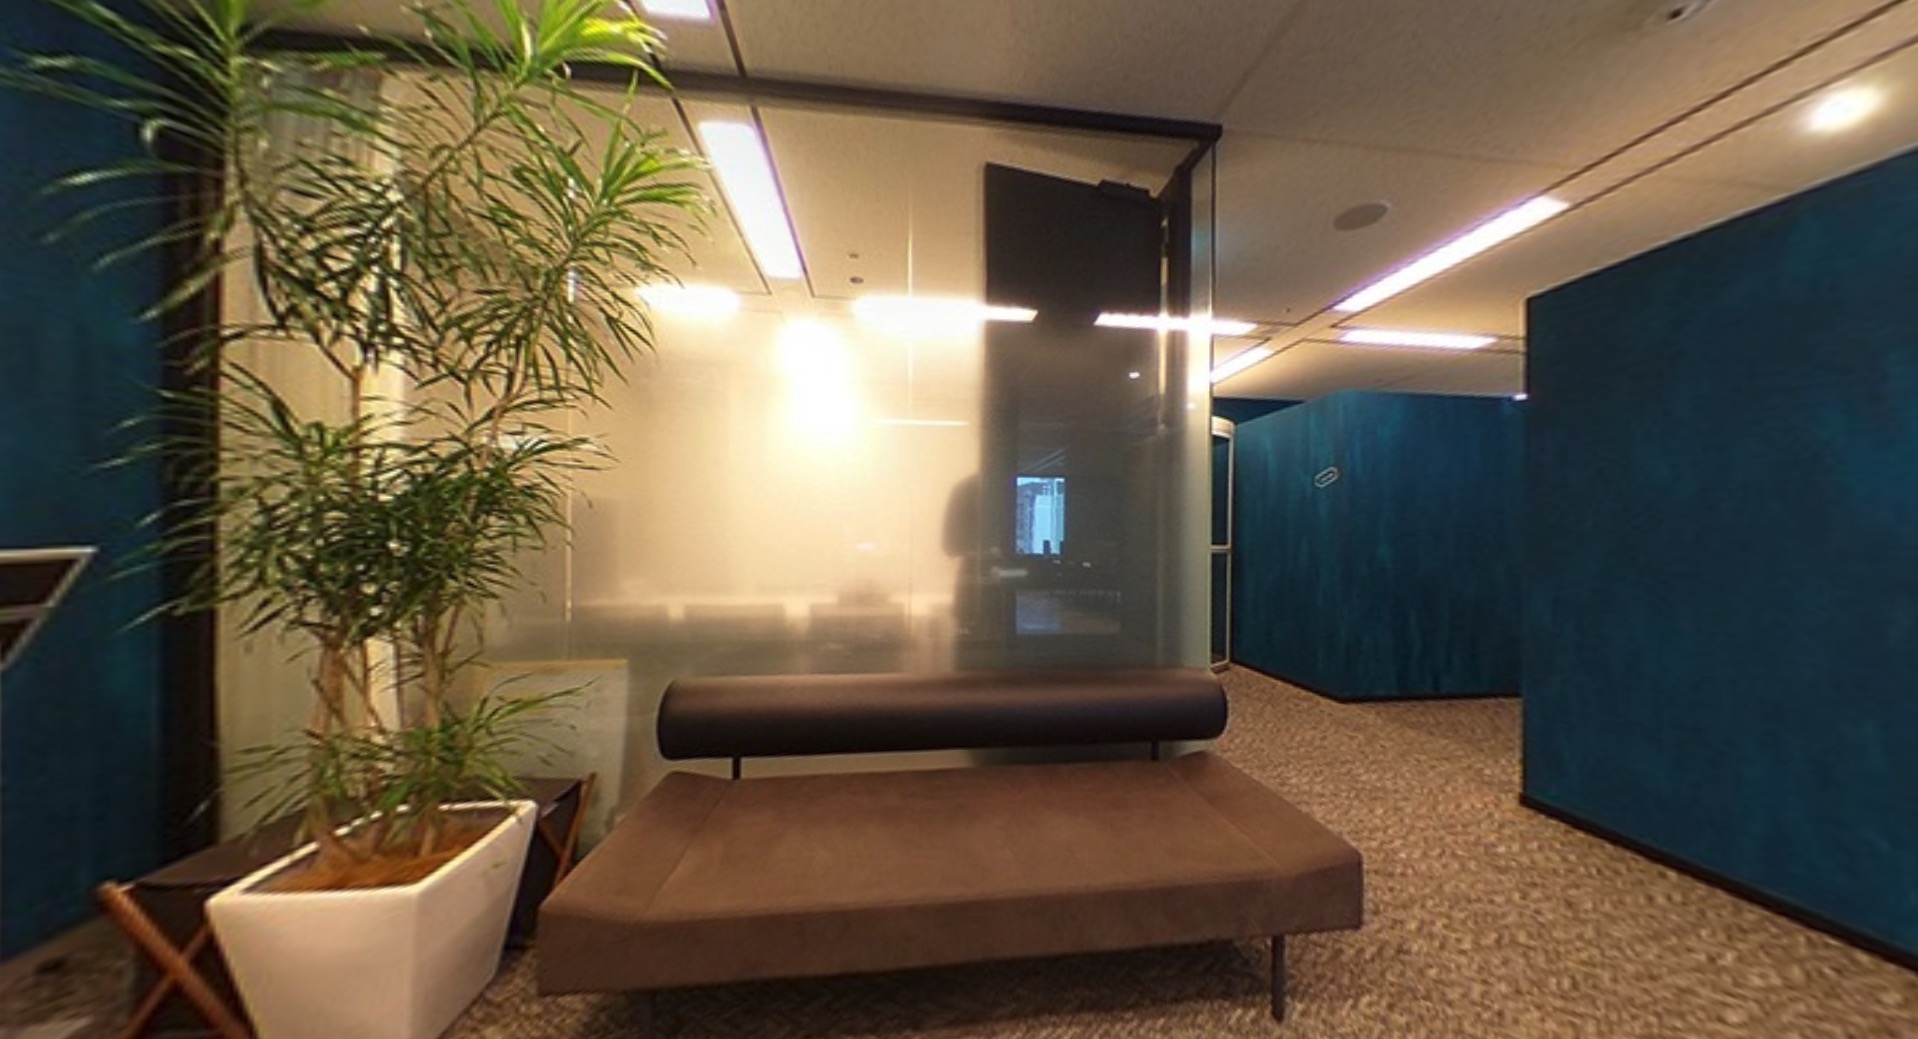 ワークスタイリング品川グランドセントラルタワーのオフィス内部の画像「クライアント用ソファー」
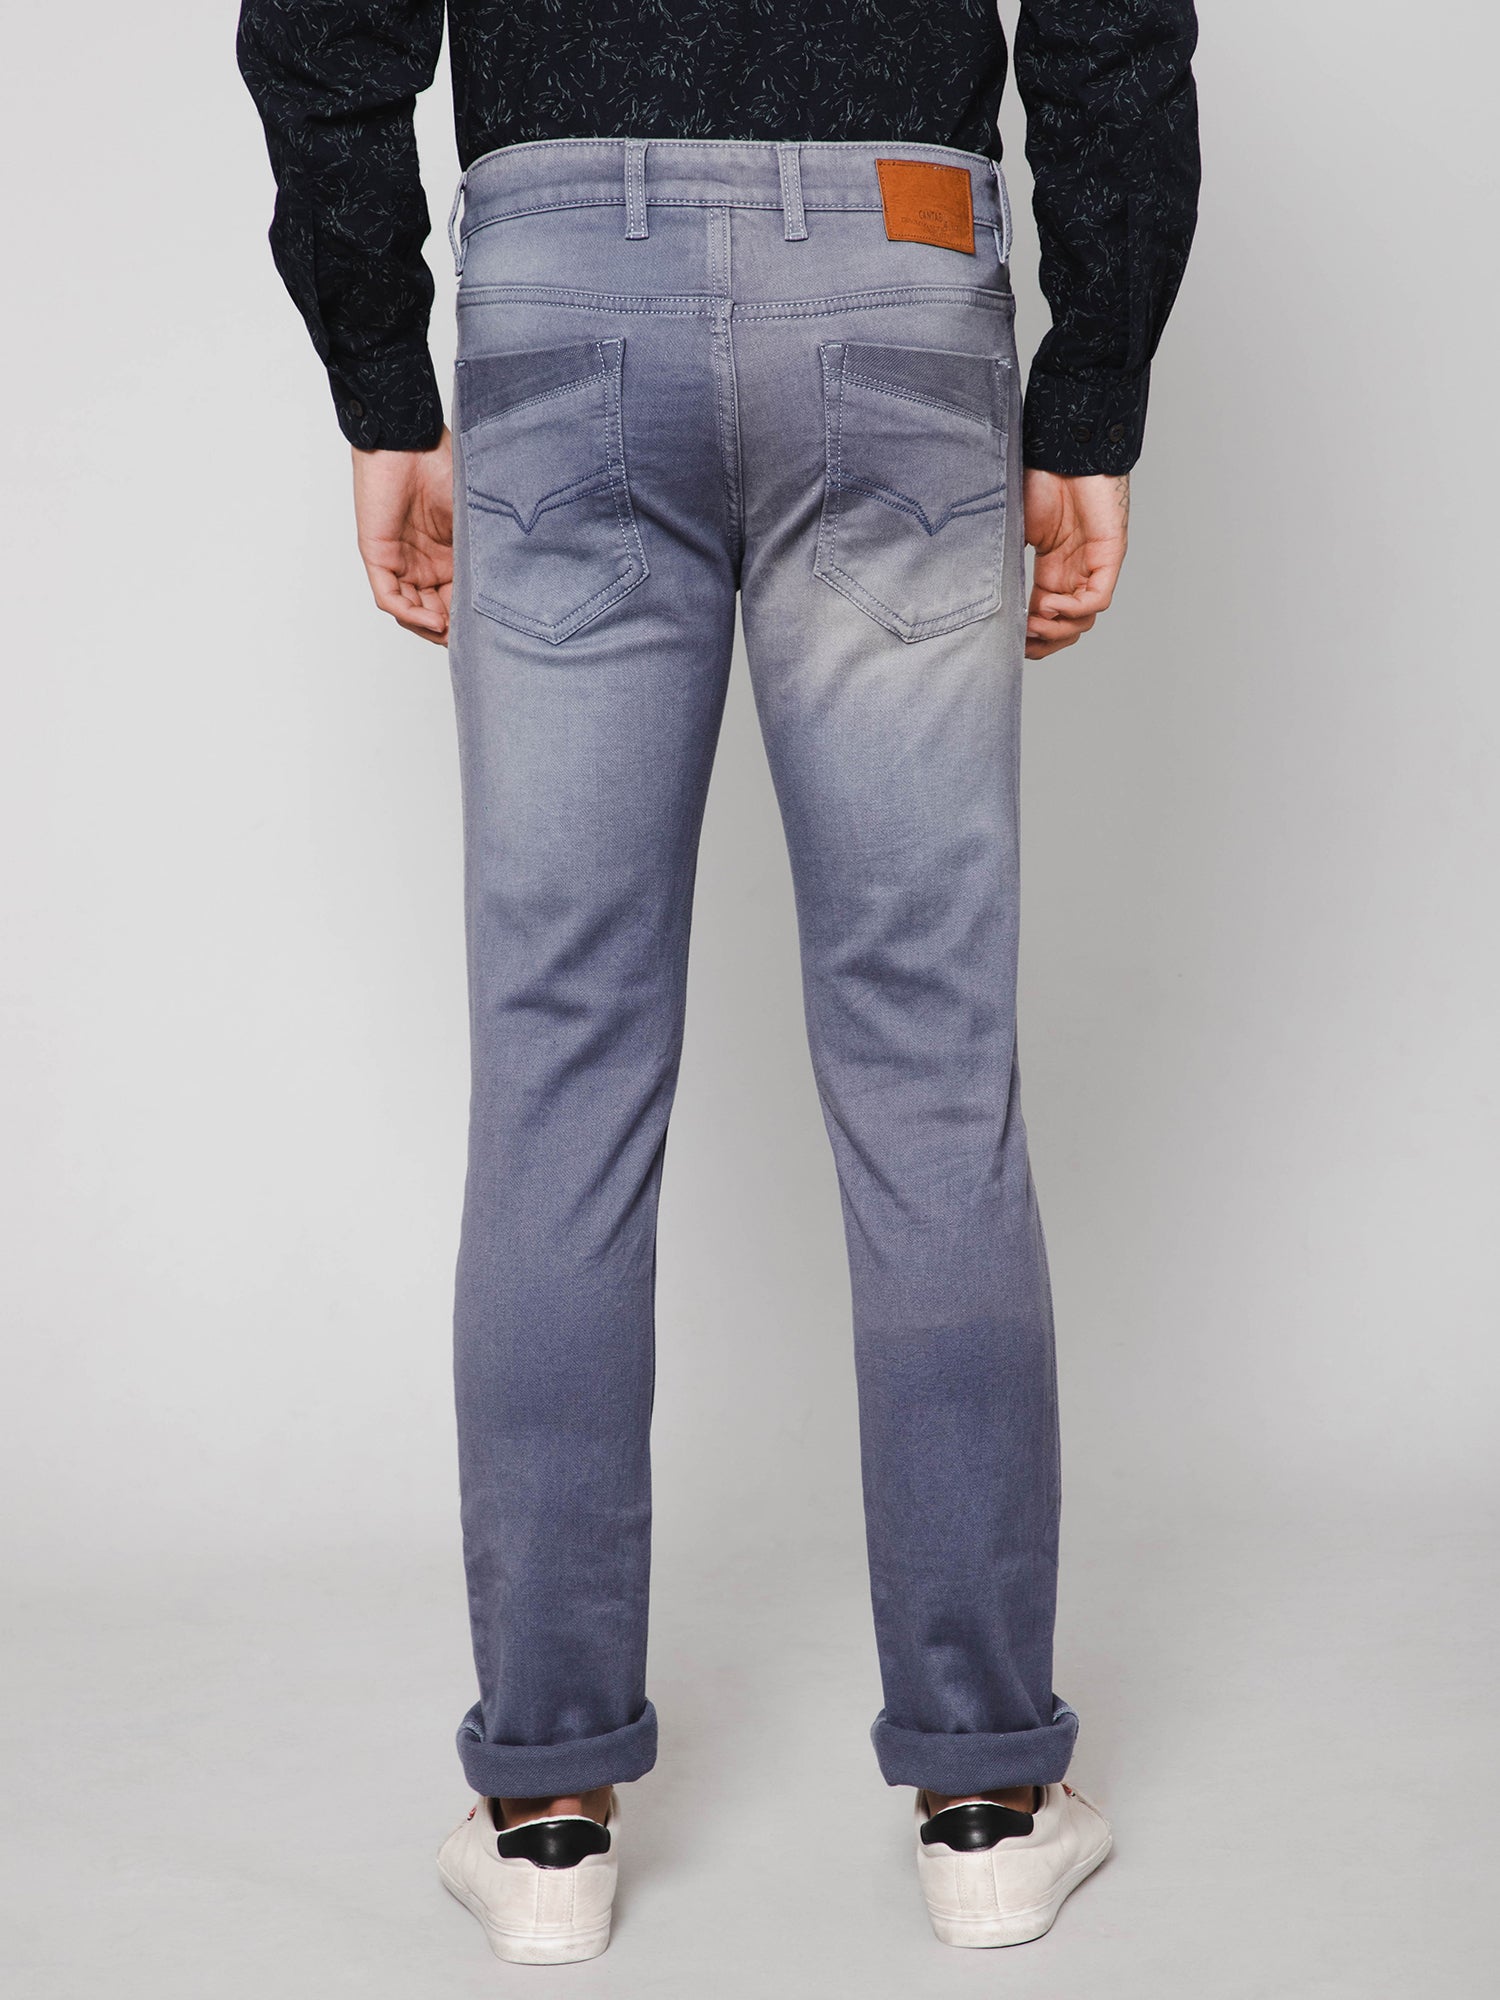 Half Double Colors Unique Zipper Button Jeans Pants – Tomscloth
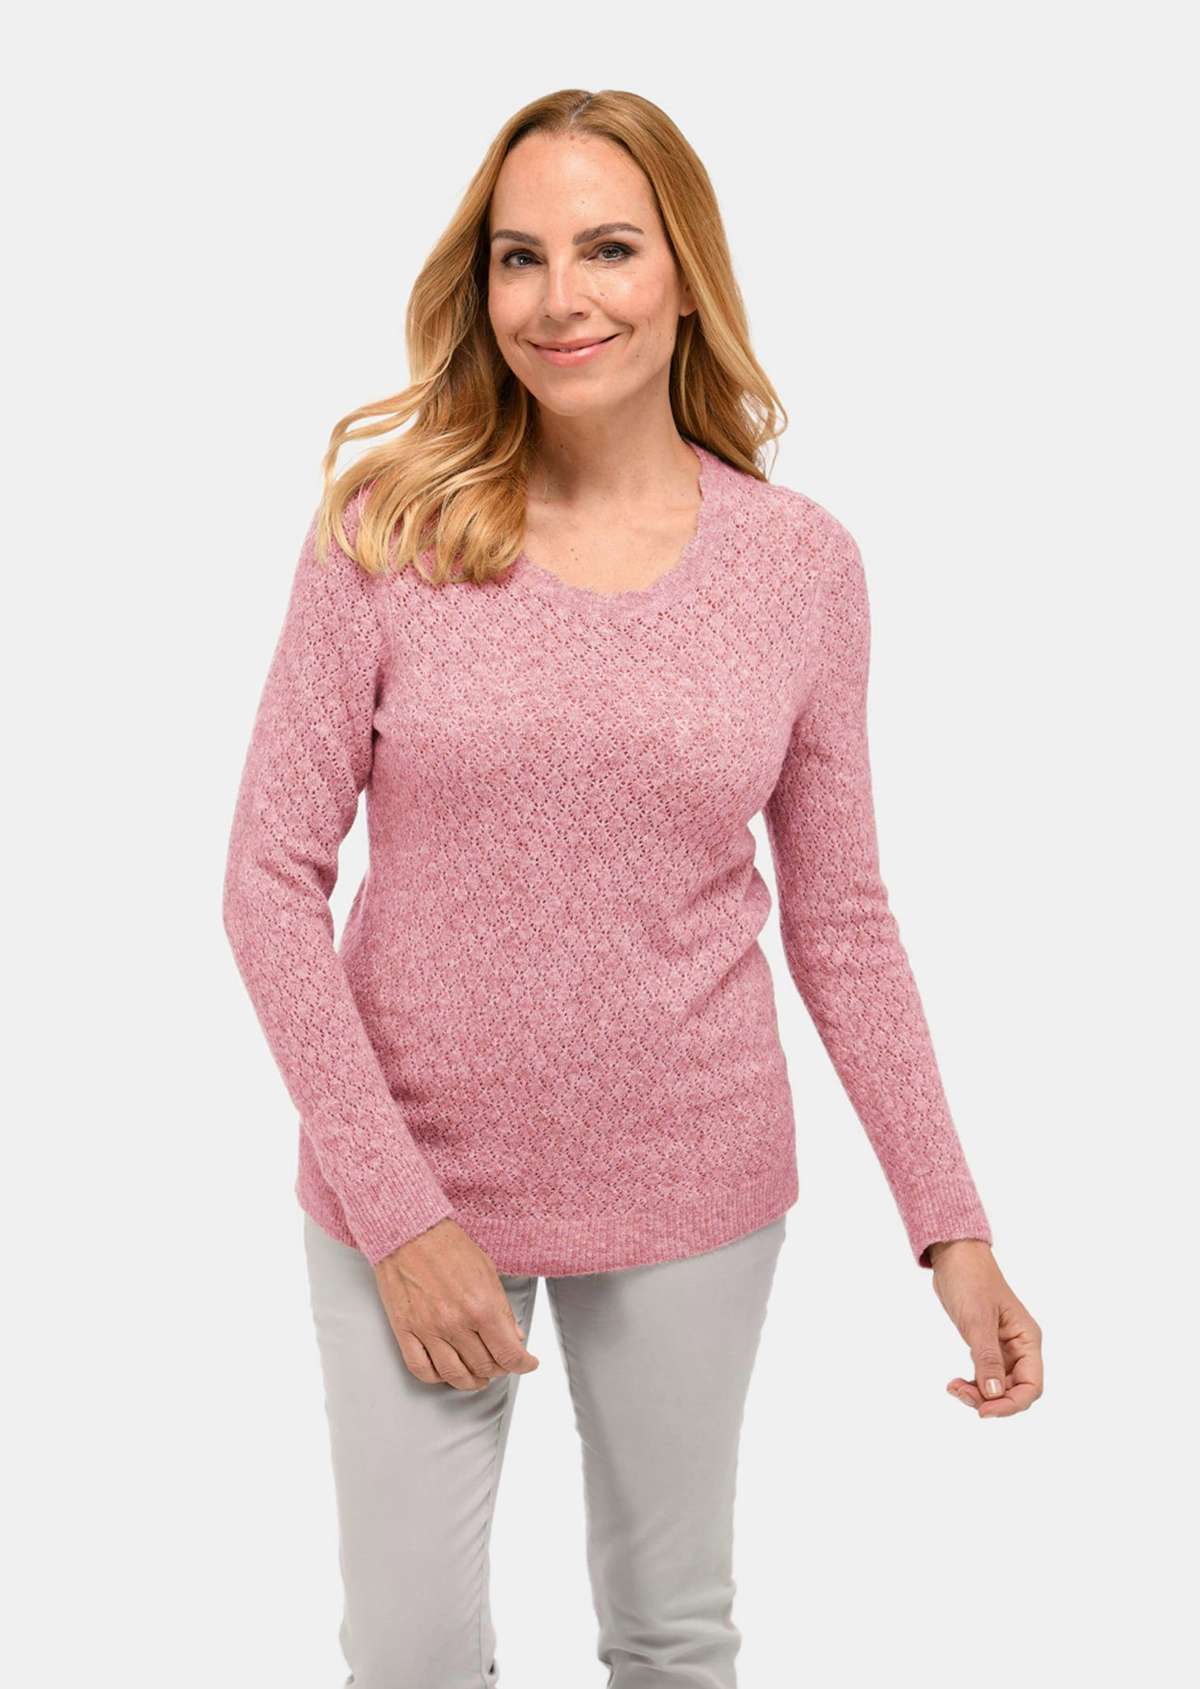 Женственный ажурный свитер из качественной меланжевой пряжи.

■ ■ ■ ■ ■

Output the whole of the data, unchanged; keep the pictures out.

 ワークスタイリング品川グランドセントラルタワーのオフィス内部の画像「クライアント用ソファー」
 Half Double Colors Unique Zipper Button Jeans Pants – Tomscloth
 Женственный ажурный свитер из качественной меланжевой пряжи.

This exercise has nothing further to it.